===== Working data
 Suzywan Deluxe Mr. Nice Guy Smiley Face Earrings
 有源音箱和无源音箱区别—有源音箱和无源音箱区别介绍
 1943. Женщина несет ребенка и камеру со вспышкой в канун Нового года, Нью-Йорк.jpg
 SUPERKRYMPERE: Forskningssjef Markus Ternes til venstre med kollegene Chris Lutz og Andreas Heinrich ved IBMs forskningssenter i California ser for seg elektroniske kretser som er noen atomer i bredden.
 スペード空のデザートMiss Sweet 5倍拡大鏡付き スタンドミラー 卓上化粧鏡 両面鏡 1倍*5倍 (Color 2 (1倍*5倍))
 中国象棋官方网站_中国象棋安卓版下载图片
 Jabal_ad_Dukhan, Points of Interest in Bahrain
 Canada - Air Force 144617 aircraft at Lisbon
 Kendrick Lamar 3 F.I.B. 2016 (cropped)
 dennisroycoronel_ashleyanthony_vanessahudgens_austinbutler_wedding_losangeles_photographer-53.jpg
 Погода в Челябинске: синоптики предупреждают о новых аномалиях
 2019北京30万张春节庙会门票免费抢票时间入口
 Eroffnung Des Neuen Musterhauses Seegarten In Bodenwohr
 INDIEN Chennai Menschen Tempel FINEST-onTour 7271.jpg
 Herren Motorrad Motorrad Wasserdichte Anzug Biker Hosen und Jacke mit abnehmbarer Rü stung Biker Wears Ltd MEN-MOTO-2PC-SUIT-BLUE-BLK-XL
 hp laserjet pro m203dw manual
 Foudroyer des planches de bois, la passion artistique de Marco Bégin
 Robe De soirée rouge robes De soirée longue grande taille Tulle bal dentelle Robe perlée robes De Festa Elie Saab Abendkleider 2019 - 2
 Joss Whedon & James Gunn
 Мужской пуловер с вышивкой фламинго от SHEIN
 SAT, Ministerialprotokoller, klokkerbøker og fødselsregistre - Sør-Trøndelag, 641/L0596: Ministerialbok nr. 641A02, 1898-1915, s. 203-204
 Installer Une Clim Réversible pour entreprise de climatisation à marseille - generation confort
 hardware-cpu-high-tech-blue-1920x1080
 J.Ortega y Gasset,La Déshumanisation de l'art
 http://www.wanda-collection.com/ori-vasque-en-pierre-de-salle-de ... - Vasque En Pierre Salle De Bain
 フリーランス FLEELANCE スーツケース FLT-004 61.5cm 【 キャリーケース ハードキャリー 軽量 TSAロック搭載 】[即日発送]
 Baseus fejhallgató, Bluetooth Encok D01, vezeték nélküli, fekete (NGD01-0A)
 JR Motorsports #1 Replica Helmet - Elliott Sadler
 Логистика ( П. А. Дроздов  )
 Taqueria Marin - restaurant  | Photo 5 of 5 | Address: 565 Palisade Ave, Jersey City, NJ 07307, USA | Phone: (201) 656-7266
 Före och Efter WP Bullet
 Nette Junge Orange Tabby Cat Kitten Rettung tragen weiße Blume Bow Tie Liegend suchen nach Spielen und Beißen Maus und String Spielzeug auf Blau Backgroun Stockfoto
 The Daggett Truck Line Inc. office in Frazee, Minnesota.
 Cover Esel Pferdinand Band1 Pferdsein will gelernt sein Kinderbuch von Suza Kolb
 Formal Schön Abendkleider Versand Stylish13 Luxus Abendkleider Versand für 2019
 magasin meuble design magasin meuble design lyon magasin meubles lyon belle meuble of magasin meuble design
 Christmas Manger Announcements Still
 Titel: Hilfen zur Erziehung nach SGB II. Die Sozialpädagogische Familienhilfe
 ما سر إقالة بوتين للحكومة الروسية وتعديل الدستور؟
==========
§ Assignment:
The reply should consist solely of the lines above from the one that has "SUPERKRYMPERE: Forskningssjef Markus" through the one that has "Eroffnung Des Neuen", reproduced exactly.

§ Exercise output:
 SUPERKRYMPERE: Forskningssjef Markus Ternes til venstre med kollegene Chris Lutz og Andreas Heinrich ved IBMs forskningssenter i California ser for seg elektroniske kretser som er noen atomer i bredden.
 スペード空のデザートMiss Sweet 5倍拡大鏡付き スタンドミラー 卓上化粧鏡 両面鏡 1倍*5倍 (Color 2 (1倍*5倍))
 中国象棋官方网站_中国象棋安卓版下载图片
 Jabal_ad_Dukhan, Points of Interest in Bahrain
 Canada - Air Force 144617 aircraft at Lisbon
 Kendrick Lamar 3 F.I.B. 2016 (cropped)
 dennisroycoronel_ashleyanthony_vanessahudgens_austinbutler_wedding_losangeles_photographer-53.jpg
 Погода в Челябинске: синоптики предупреждают о новых аномалиях
 2019北京30万张春节庙会门票免费抢票时间入口
 Eroffnung Des Neuen Musterhauses Seegarten In Bodenwohr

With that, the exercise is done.